Exposure to passive smoking is almost as harmful to the upper airway as active smoking (27-29). In the study by Elwany et al. (30), biofilm formation with S. aureus was seen in the nasal mucosa of 11 out of 20 children who had been exposed to passive smoking, but only one child in the control group had this happen. In the study conducted by Habesoglu et al. (31), mucociliary clearance was observed to be affected in those exposed to passive smoking. We did not exclude exposure to passive cigarette smoke in our study. We can acknowledge this as a limitation of our study.

Heavy metals inhaled with polluted air cause accumulation in the human body. Heavy metals trigger oxidative stress in the organism, increase reactive oxygen species, lipid peroxidation, and inflammatory cytokines, and exhibit harmful effects (4, 32, 33). Heavy metal accumulation in the nasal concha can lead to oxidative stress and inflammation in mucosal tissues, weakening immune responses and increasing the risk of infection. This accumulation may serve as a biological indicator for assessing the impact of air pollution on respiratory health. Oxidative stress plays a role in the etiopathogenesis of many diseases. It is a challenge to show the harmful effects of exposure to air pollution on human health with evidence. It is necessary to present the pollutant at the same time above the acceptable concentration in ambient air and human tissue, which is a challenging application in the normal population.

Liu et al. (34) showed that silver, a heavy metal, accumulated in the brain tissue of rats given an intranasal spray form. Another study suggested that Cd could pass from the nasal cavity to the brain via the olfactory nerve and show its neurotoxic effects (35). Again, it is predicted that Mn could cause accumulation via nasal uptake (31). As stated in such studies, demonstrating the presence of heavy metals in the nasal cavity could be helpful in shedding light on the etiology of related diseases.

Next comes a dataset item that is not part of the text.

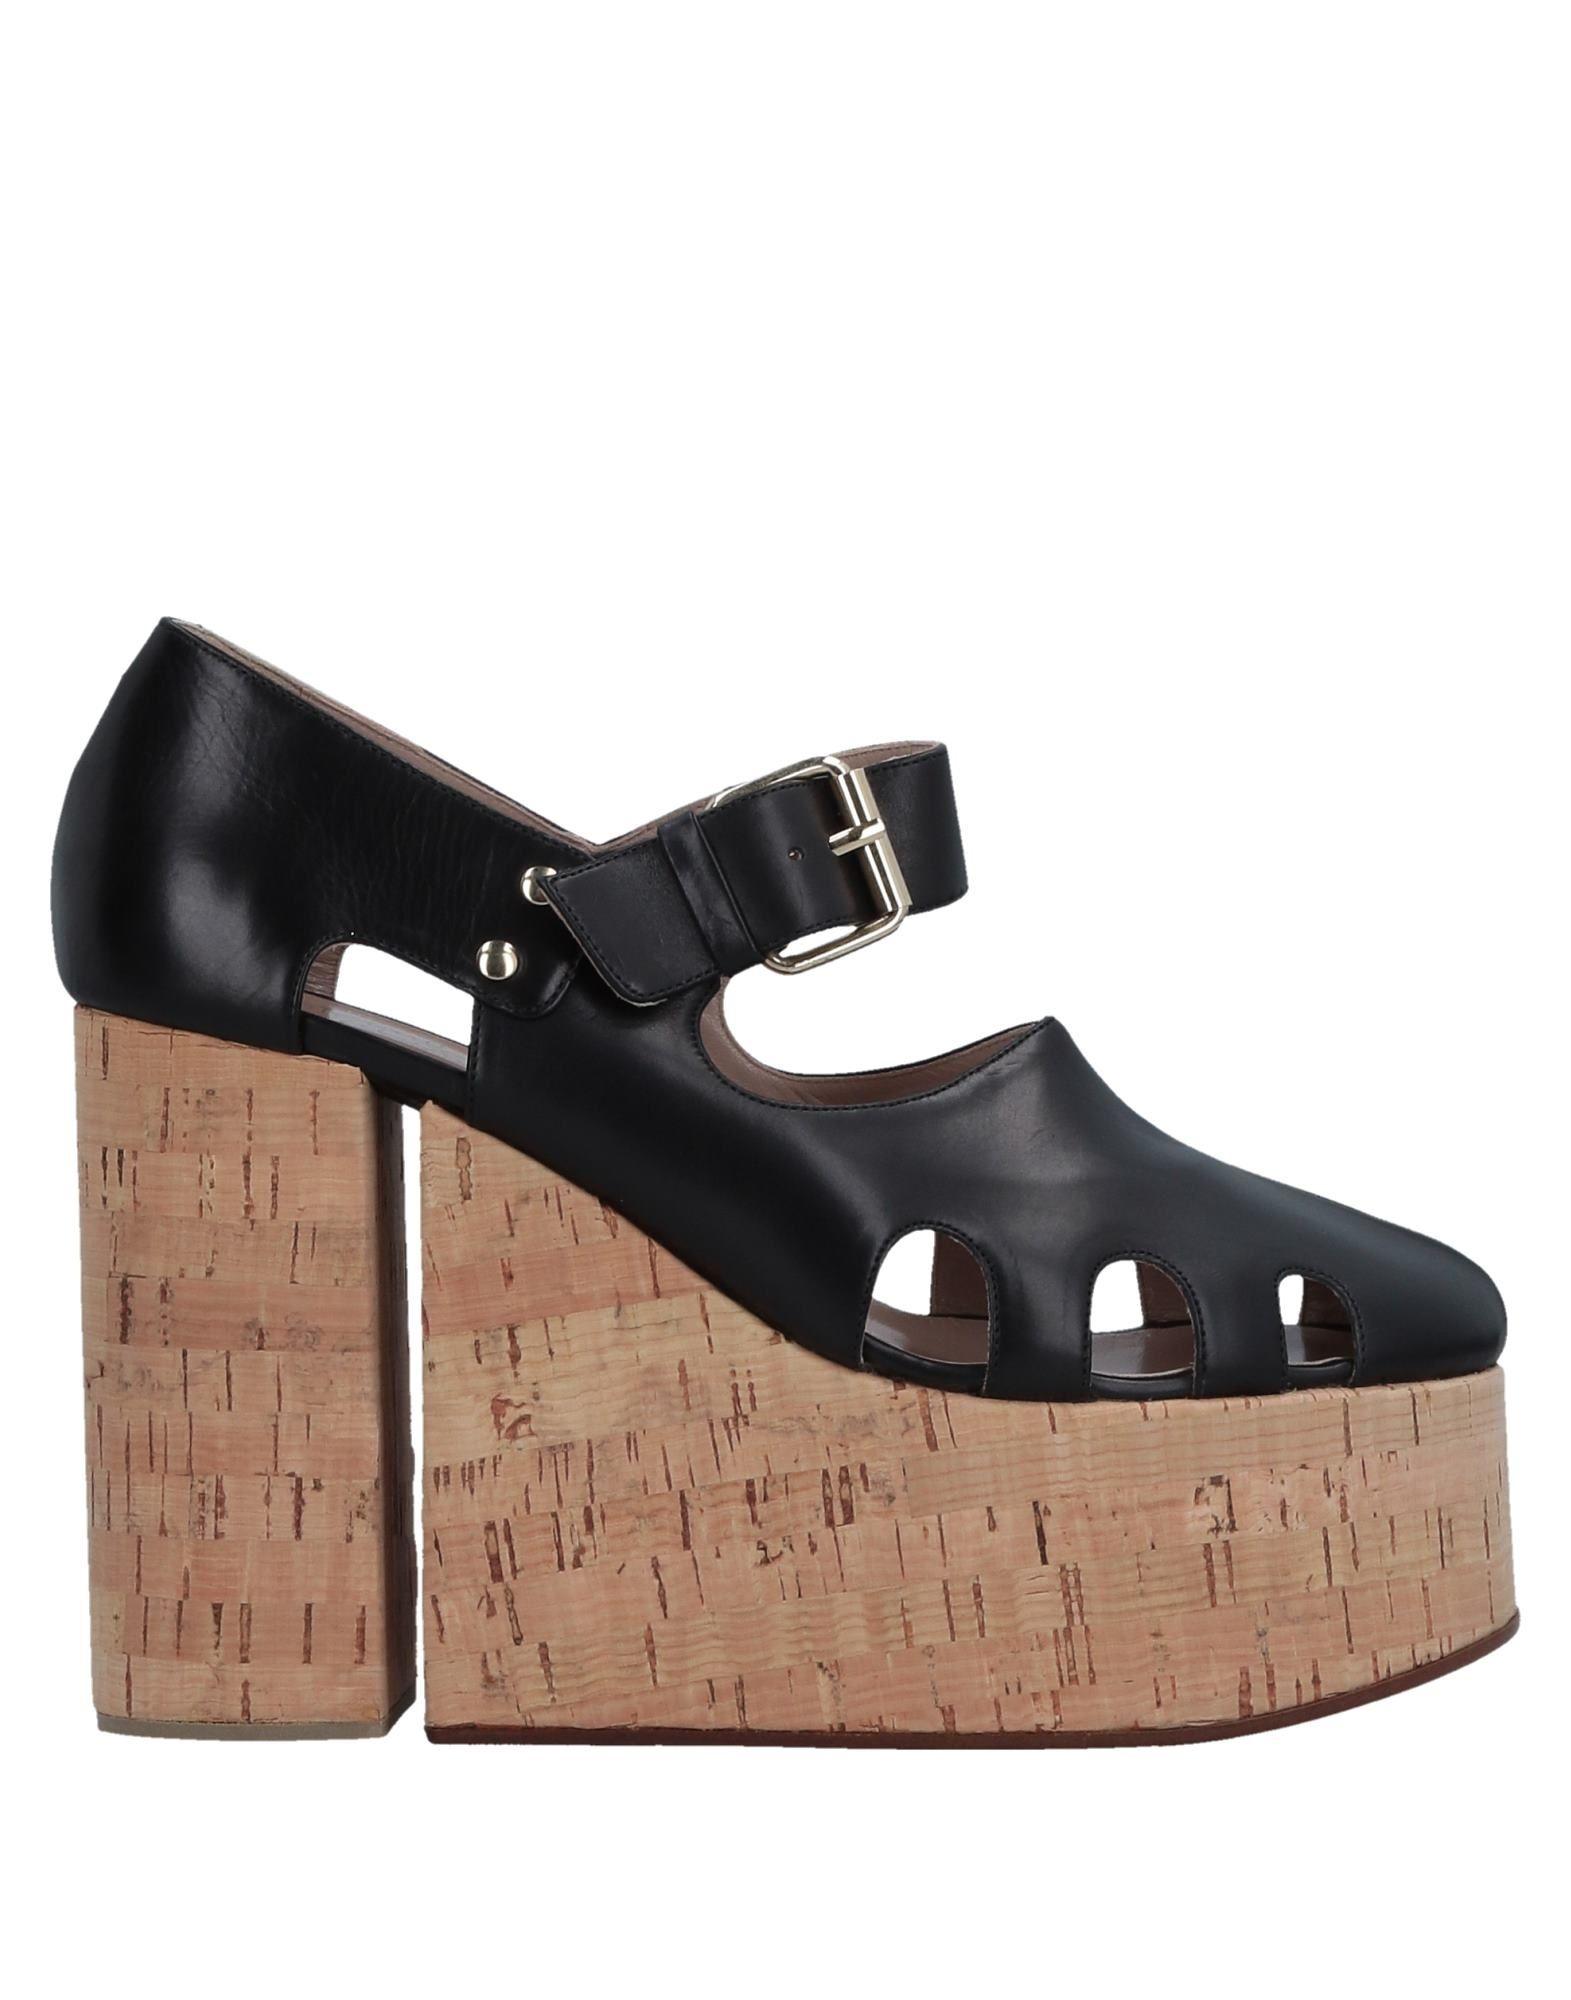 Vivienne Westwood Sandals - Women on Vivienne Westwood Sandals online on Women  United Kingdom - 11521605WC ab9b46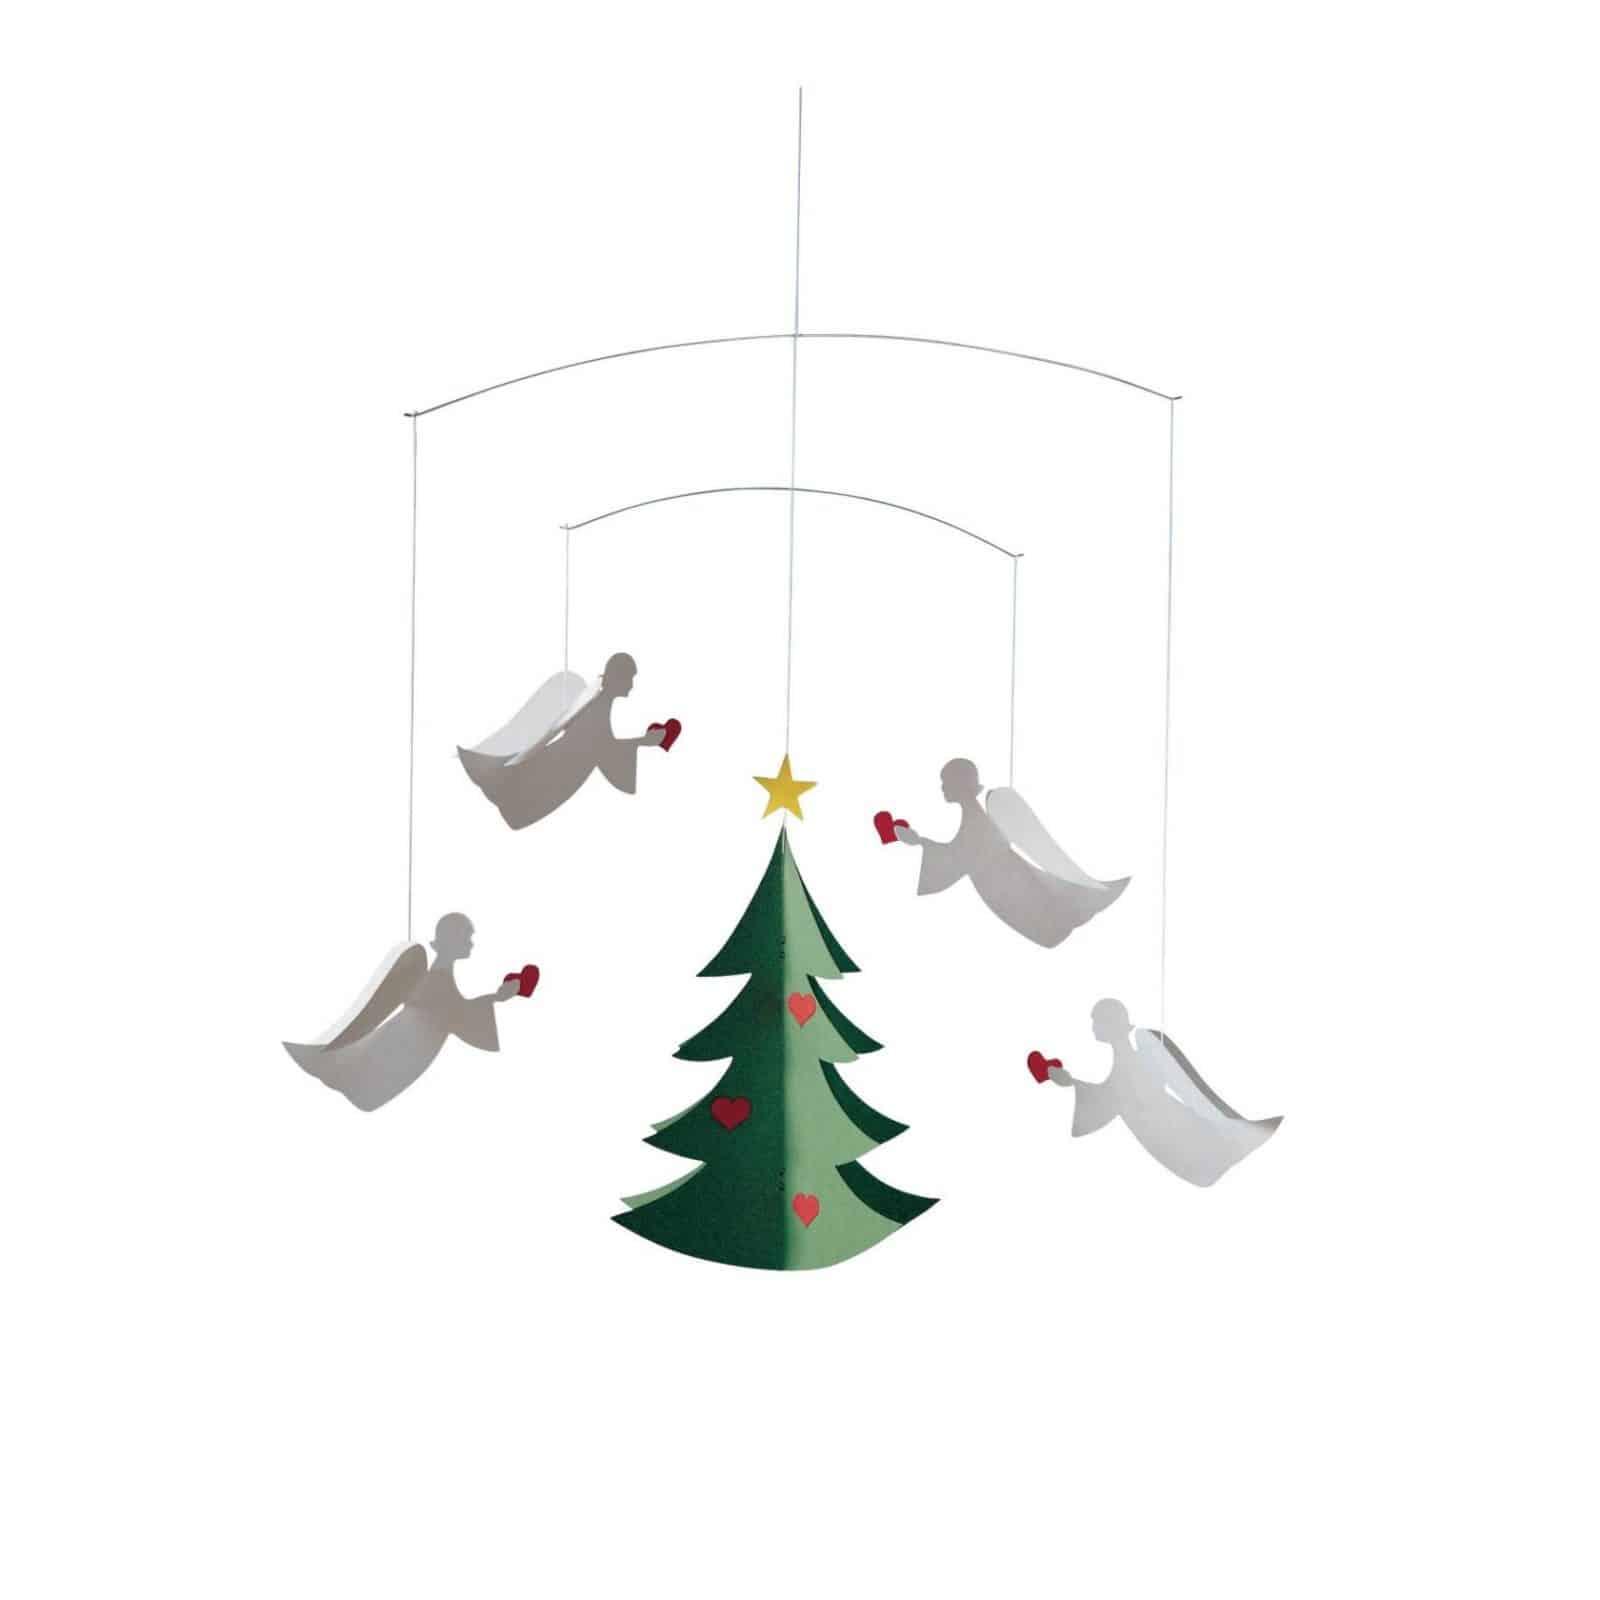 Skandi style Christmas decor

We only measured five heavy metals, which limits our study. Due to technical constraints, this number is small but can be used for future research on heavy metal alterations. Additionally, the absence of simultaneous measurements of heavy metal levels in patient’s blood samples and indicators of heavy metal air pollution in their urban and rural areas can be considered.

One limitation of this study is the absence of histopathological analysis of inferior nasal concha tissues. Including histopathological evaluation could provide insights into cellular or tissue-level alterations associated with heavy metal accumulation. This would allow a deeper understanding of the clinical implications and pathological changes from metal exposure. Future studies could enhance these findings by better correlating histopathological results with metal concentration levels to assess the potential impact on nasal and respiratory health. The study’s inability to consider passive smoking status despite excluding active smokers and ex-smokers needs improvement.

Conclusion

When we attribute the cause of a condition to air pollution, but the underlying mechanisms are not yet completely understood, showing the presence of heavy metals in the nasal mucosa can be beneficial. In clinical scenarios where there is evidence of heavy metal accumulation and a clear link to diseases, we can mitigate the occurrence of the diseases by implementing preventive measures in urban areas.